For the power layout of pure electric vehicles, most of them follow the power layout of fuel vehicles, and use a centralized central motor to drive the wheels. The power transmission passes through the clutch and transmission, and a small number of models also pass through differentials and drive shafts. The power of the electric motor will cause power loss during the transmission process, which will make the battery work inefficient, and the cruising range of pure electric vehicles is one of the key technical issues that plague its wide-scale application.

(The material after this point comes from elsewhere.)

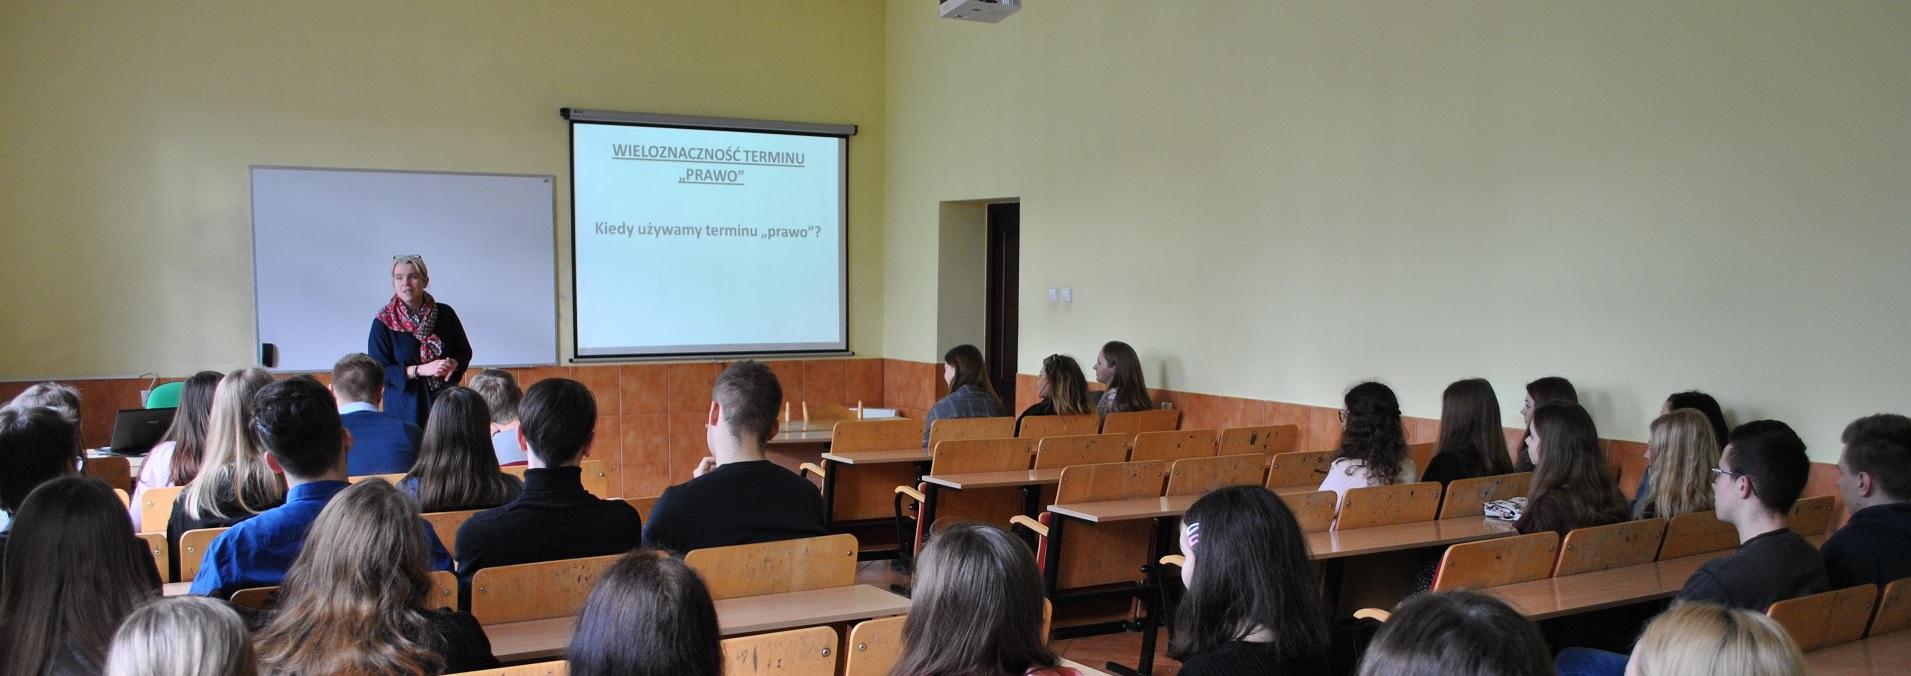 Spotkanie z uczniami II Liceum Ogólnokształcącego w ZSO w Nowogardzie

If the traditional transmission mode can be changed to reduce the power loss in the transmission process, it will be of great significance to increase the mileage of electric vehicles.

At present, if one wants to increase the cruising range without changing the power drive mode, one way is to improve the power transmission efficiency, and the other way is to increase the battery capacity; It will increase the volume and quality of the battery, thereby reducing the economy, and will also have an adverse effect on the driving safety of the car.

Therefore, using hub motors to directly drive the wheels is a feasible solution to the above problems. The wheels are directly driven by the hub motors to realize the distributed arrangement of power. Compared with the traditional centralized drive of the wheels by the central motor, the transmission The structure is more compact, the mechanical transmission parts are less, and the energy dissipation is less. Without changing the battery capacity, the cruising range of electric vehicles can be increased.

However, for the hub motor, due to the airtight working environment, the heat generated during the operation of the hub motor is not easy to dissipate in time, and the high temperature will greatly reduce the working efficiency of the hub motor, and even damage the hub motor in serious cases. may cause safety accidents.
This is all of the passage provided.